Maintaining the perfect ratio of calcium to alkalinity is important. If one of the two rises and the other falls, you must get back in the balance right away. It might be calcium is high and alkalinity is low, or vice versa. Regardless, just perform a series of water changes to get back on track.  Avoid the urge to try and use additives to adjust your levels as a beginner because water changes are simply much easier and will correct both parameters together. 

After you are back in balance, readjust your daily dosing to meet your tank's demand.  

Low pH

PH is affected by a variety of factors in your aquarium. Most notably the amount of CO2 and alkalinity levels. Low alkalinity and too much dissolved CO2 always cause low pH. Should you experience low pH levels, here is what you can do. 
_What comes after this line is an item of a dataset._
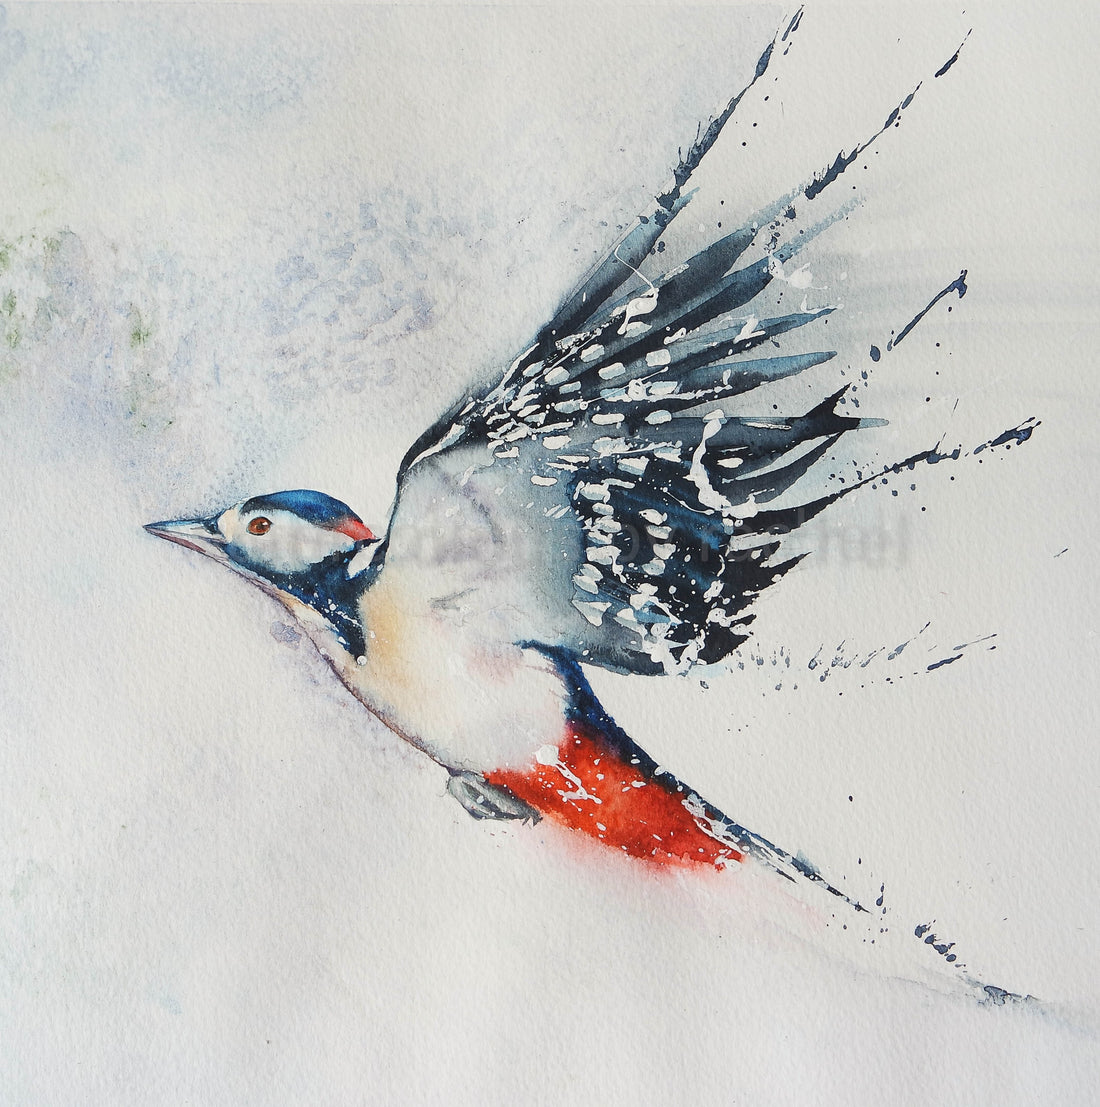 A woodpecker mid flight.

  • Verify you're maintaining the proper stable alkalinity level in your aquarium
  • Open a window to allow for better air exchange around the tank

If you cannot seem to get the pH above 8.0, it's not going to kill your tank. It just means there is too much CO2 being dissolved into the water and your corals will just grow a little slower. As long as you keep the pH above 7.8, the tank will be safe.  Shoot for 8.3 but if it just doesn't work out, don't fret and just focus on stability among your calcium, alkalinity, and magnesium. 

Can't Raise dKH

Related to the above low pH, sometimes you just can't get your dKH above 8.0. While we tell you to shoot for 9.0 dKH, anything above 7 is safe. In cases where elevated CO2 is a problem and pH is low, dKH can be difficult to raise.  So if this is your tank, just keep that alkalinity within the  7 - 8 dKH range and be sure that pH is above 7.8 pH at all times.  If you fall out of range, immediately do some water changes and be sure a window is open to get the tank back in balance.